The problem with video game empathy is that controlling a character is a two way street, because a game asks you to empathise with a character as if they were another human being (or, in this case, animal), but also asks you to control them directly, robbing them of the very agency that defines the individual. How can they be a person I feel empathy with if they can’t even make their own decisions? Am I actually feeling empathy for a video game character, or am I simply feeling these emotions for myself, the character be damned.

In Stray, BlueTwelve Studios give you all sorts of options to do things that a cat might well do. You can curl up in a ball and go to sleep if you find somewhere comfortable, you can scratch a carpet if you want, or push items off tall places. There’s even a dedicated button for meowing. The problem is, of course, I’m a human, not a cat. It’s cute in real life to see a cat scratch a post, but I’ve never felt the urge to do it myself, even when given the option in a video game.

Roleplaying as a cat is a surprisingly hard task, because I’m not a cat, and their mindset is so far away from mine as to be impossible to understand, and giving me the option to do cat things just accentuates the point. The game gives me quests to do, but also allows me to lie down on the floor and sleep for a while. That might be understandable if I was a cat playing the game, but I’m not. Why would I press a button just to look at a static image of a cartoon cat until I get bored, when I could be playing the game?

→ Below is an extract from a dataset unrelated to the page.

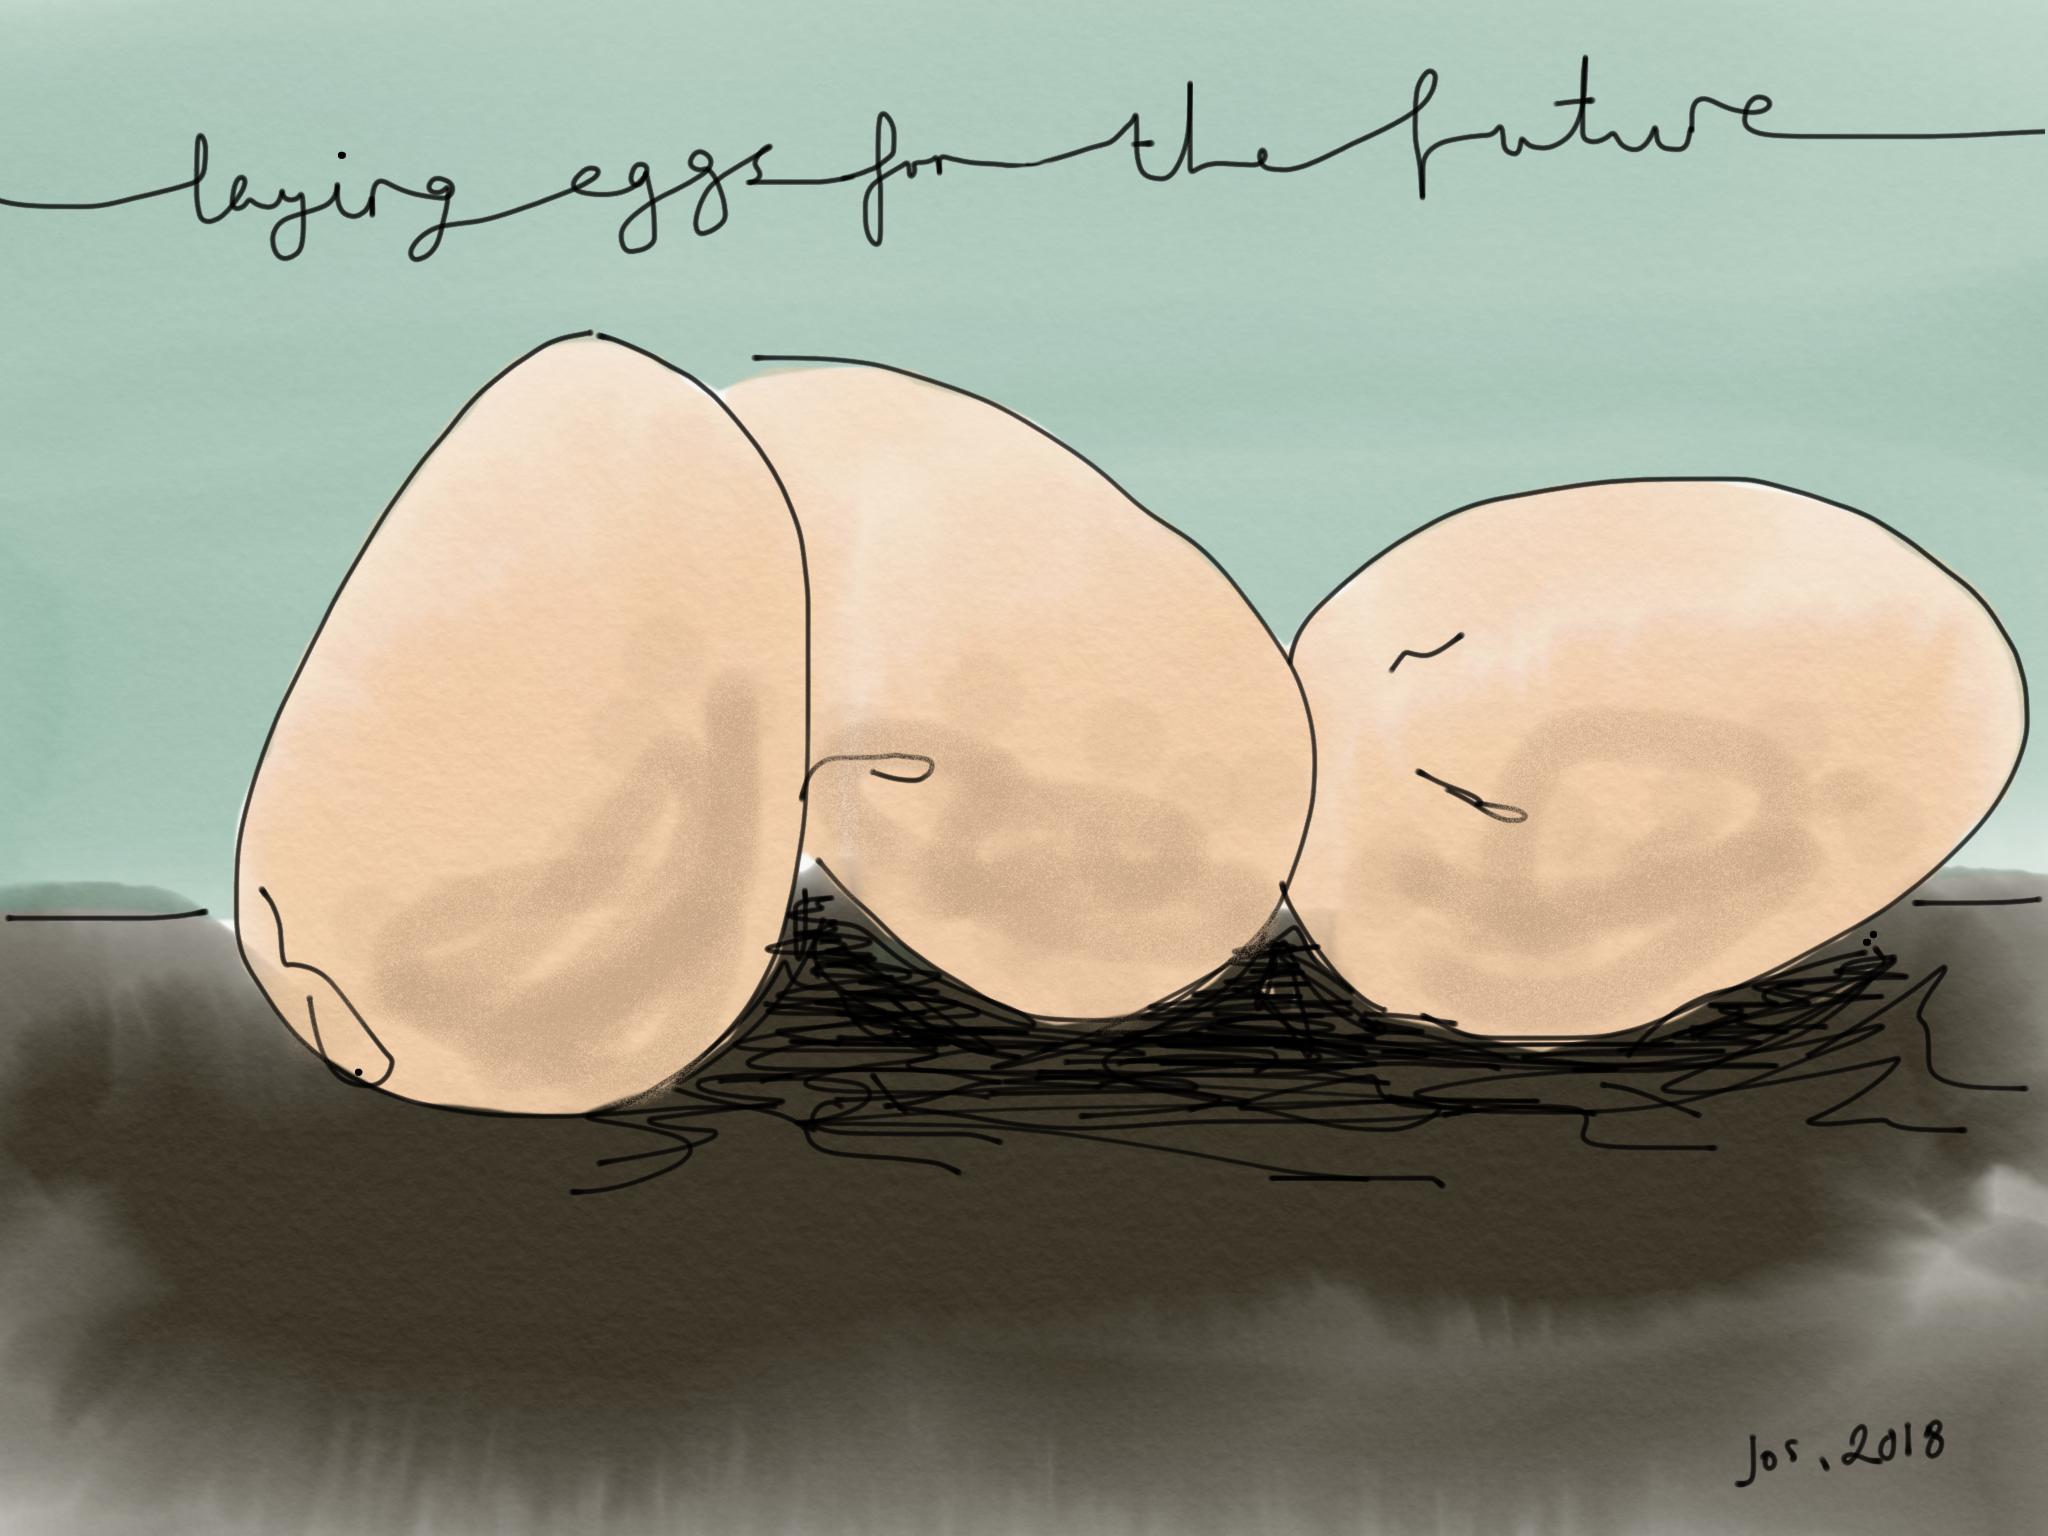 Hatcheries - The gift of old ageNurture the eggs, tender loveWatch, chicks will hatch

This is perhaps why, when looking for an animal related game to play, I would probably rather suggest Fumito Ueda’s unfairly maligned The Last Guardian over Stray. In The Last Guardian, you control a human, rather than an animal, with Trico, the large bird-like dog companion you have, being treated more like a pet. Trico will often reject the player’s command and behave in a stubborn manner, but having been a pet owner myself, it’s constantly impressive to see the ways in which Trico responds like a real pet - specifically like a real rescue animal. Because I’m not directly in control of Trico, the bond I felt with it while playing The Last Guardian became a lot closer than I’ve ever felt about a virtual animal.

In contrast, Stray often makes me feel like I wasn’t playing as a cat at all. Whenever I’m engaging with the story and the fetch quests, I might as well be playing as a short human character from any other game. Whenever I’m given the option to play-act as a cat, it feels just like that; play-acting. I can’t understand why cats like scratching posts. It’s a feeling that’s impossible to empathise with, because it lays just outside the reach of human understanding; much like imagining the ways in which other animals perceive the world, we can only really think about it in theory.

Before Stray released, I wondered whether bringing an entirely new perspective into the world of video games would pay dividends - generating an unprecedented kind of empathy. Instead, it predictably fails to do that, but in its failure, it does manage to at least start to form the limits of what kinds of empathy games can generate. For now, I think I’ll just replay The Last Guardian.